The problem: The COVID-19 pandemic, caused by the SARS-CoV-2 virus, has spread uncontrollably and causes significant health complications around the world, due, in large part, to a lack of effective therapeutics. Viral infections, like SARS-CoV-2, are followed by immune activation and inflammation, and sometimes this immune response can cause unintended damage as a side effect of combating the virus.

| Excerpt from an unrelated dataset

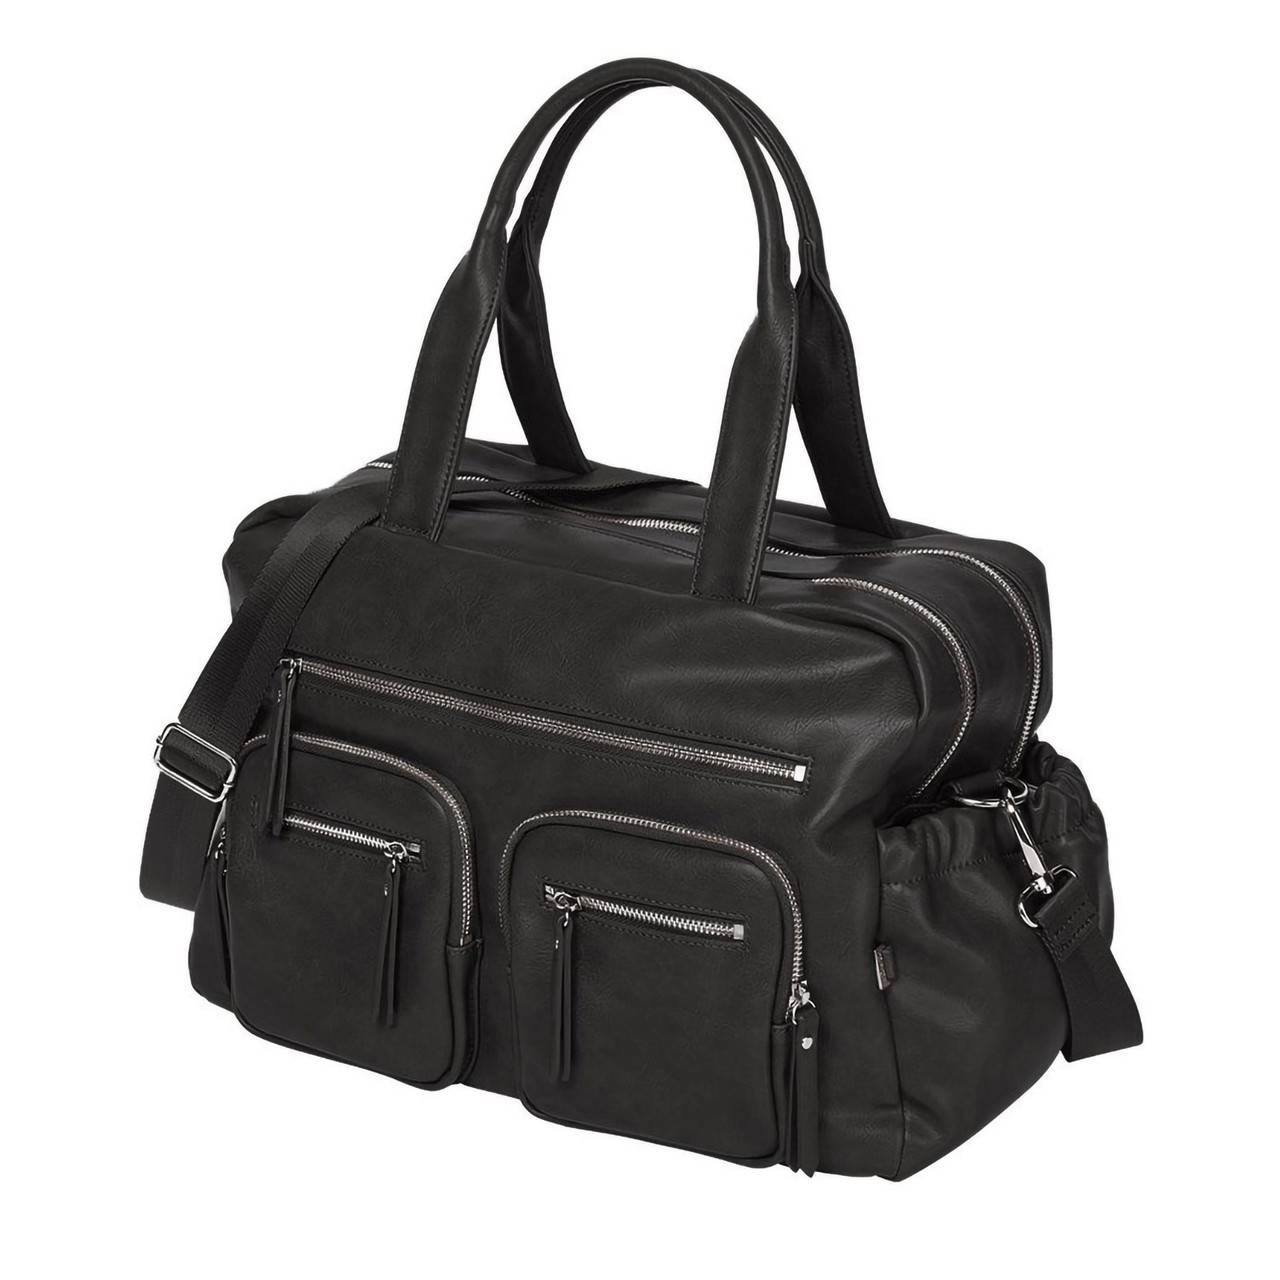 OiOi Faux Leather Black Carry All Nappy Bag. Shop Unisex Baby Bags Online
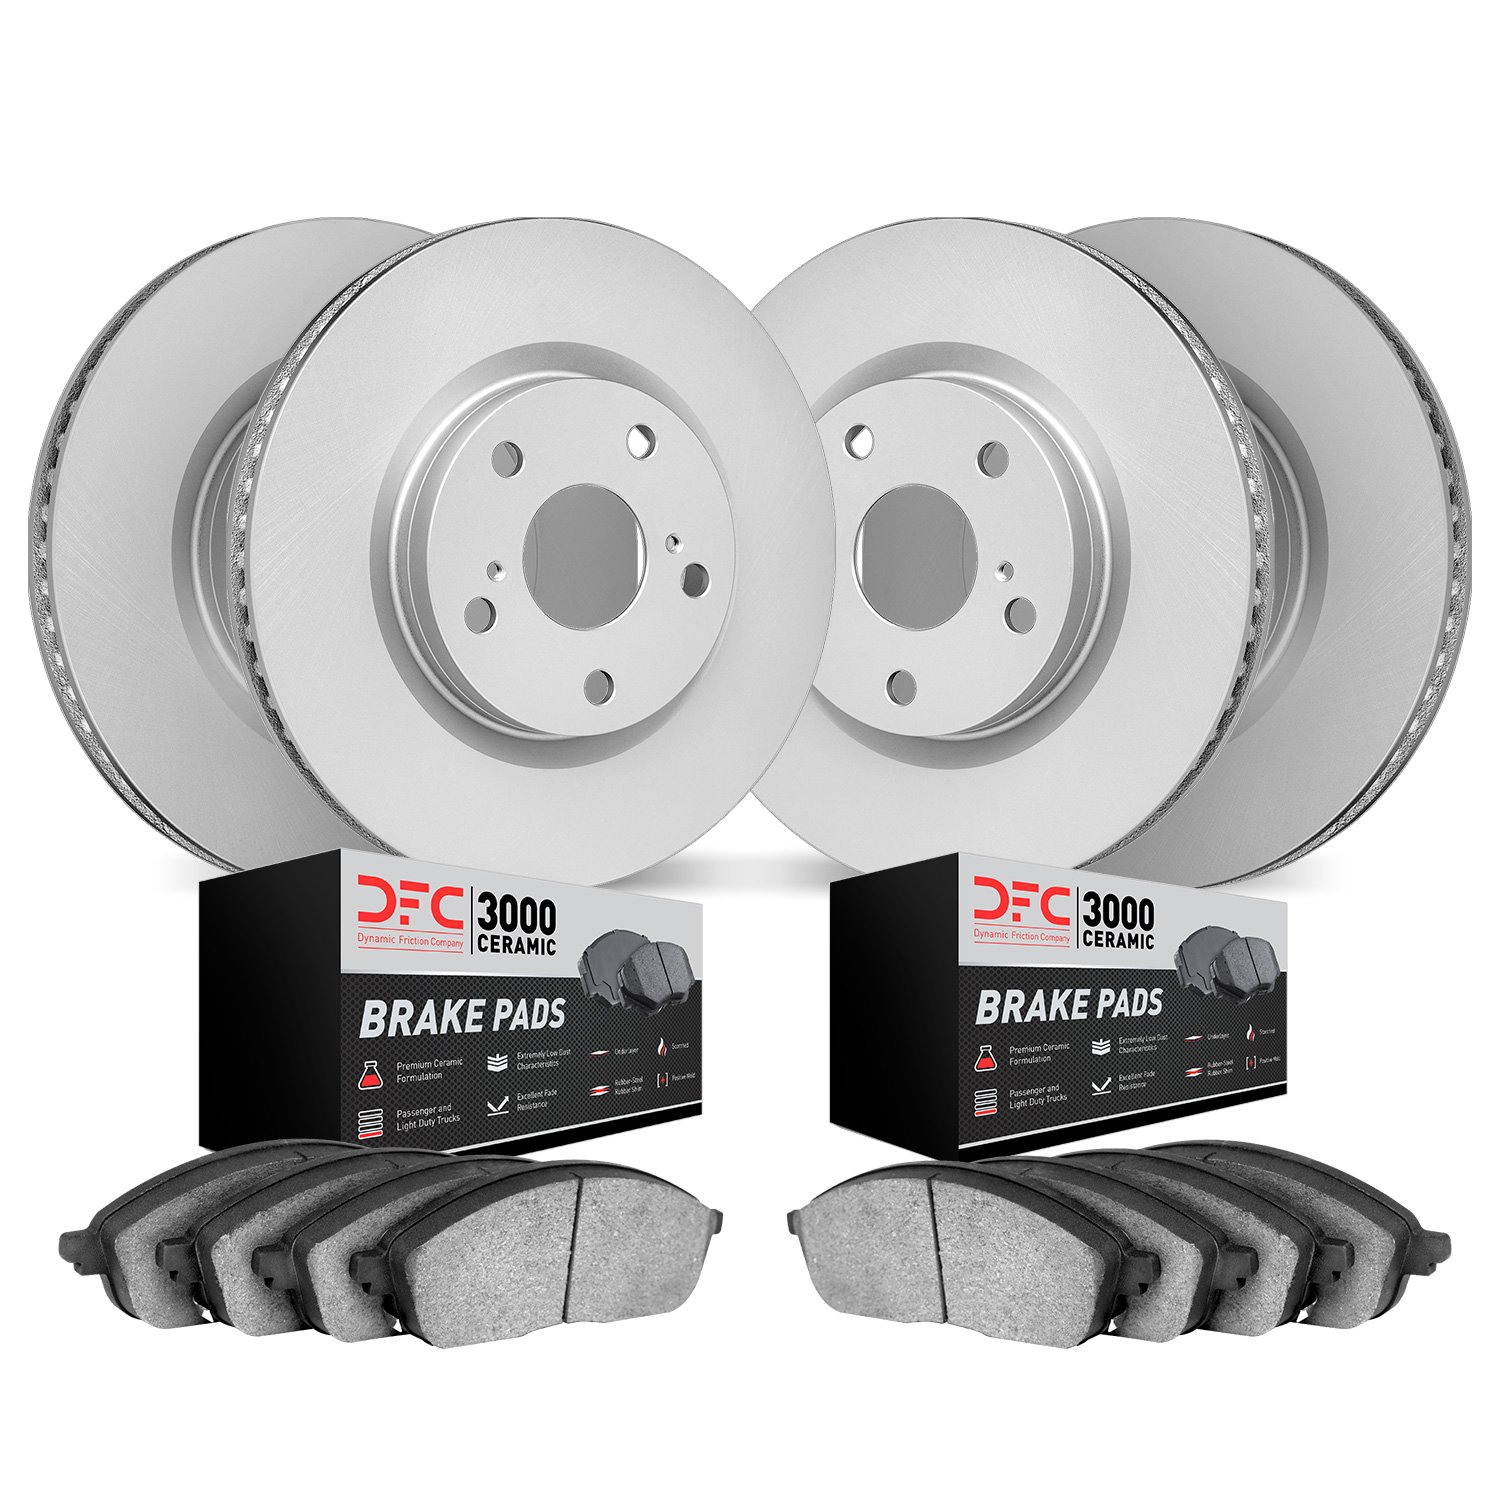 4304-75018 Geospec Brake Rotors with 3000-Series Ceramic Brake Pads Kit, 2013-2020 Lexus/Toyota/Scion, Position: Front and Rear

It has been well documented that immune cells throughout the body express high levels of cannabinoid receptor type 2 (CB-2). CB-2 helps regulate the immune response and may offer a target to reduce damage associated with the immune response to a viral infection. Previous studies have shown that cannabinoids, (CBDs), may reduce inflammation by acting on CB-2, suggesting that CBDs may help reduce inflammation-associated damage in COVID-19.

 

The study: With the understanding that CBDs may help reduce immune-mediated damage in SARS-CoV-2 infection, this study looked to see if CBDs would also have an effect on the virus itself. This study screened 32 CBDs and looked at their ability to bind to a critical viral protein, SARS-CoV-2 Mpro, and inhibit SARS-CoV-2 infection. Using the molecular structure of these CBDs and that of SARS-CoV-2 Mpro , the authors used in silico, methods to determine which CBD molecules would best bind to the viral protein. The top CBD candidates from this computer analysis were then tested in vitro, to check for toxicity and to see if they could reduce infection in cell culture. In cell culture, CBDs were compared against the known drugs chloroquine, ramdesivir, and lopinavir.

 

Main Points:

• CBD structures were screened for binding to SARS-CoV-2 Mpro using AUTODOCK and VINA

• Top candidate molecules were identified by their conformational stability, ligand reactivity, and stability with SARS-CoV-2 Mpro

• 5 top candidates were selected for testing

• 2 CBDs, Δ9-THC and cannabidiol, showed potent antiviral activity against SARS-CoV-2, and were able to significantly reduce infection of cells in culture

• These compounds are suggested to be dual-acting; two methods are suggested for how these compounds might inhibit SARS-CoV-2:

  • They might bind to SARS-CoV-2 Mpro and block the translation of viral proteins

  • They might reduce inflammation in the lungs by acting on CB-2

• At optimal concentrations, Δ9-THC and cannabidiol also demonstrated low toxicity in cell culture

 

Conclusions: The authors conclude that their two top CBDs, Δ9-THC and cannabidiol, are effective at binding to the SARS-CoV-2 Mpro protein and inhibiting SARS-CoV-2 infection in cell culture. They conclude that these two CBDs have a low toxicity at their effective doses and suggest that these compounds may offer a potential antiviral therapeutic for COVID-19.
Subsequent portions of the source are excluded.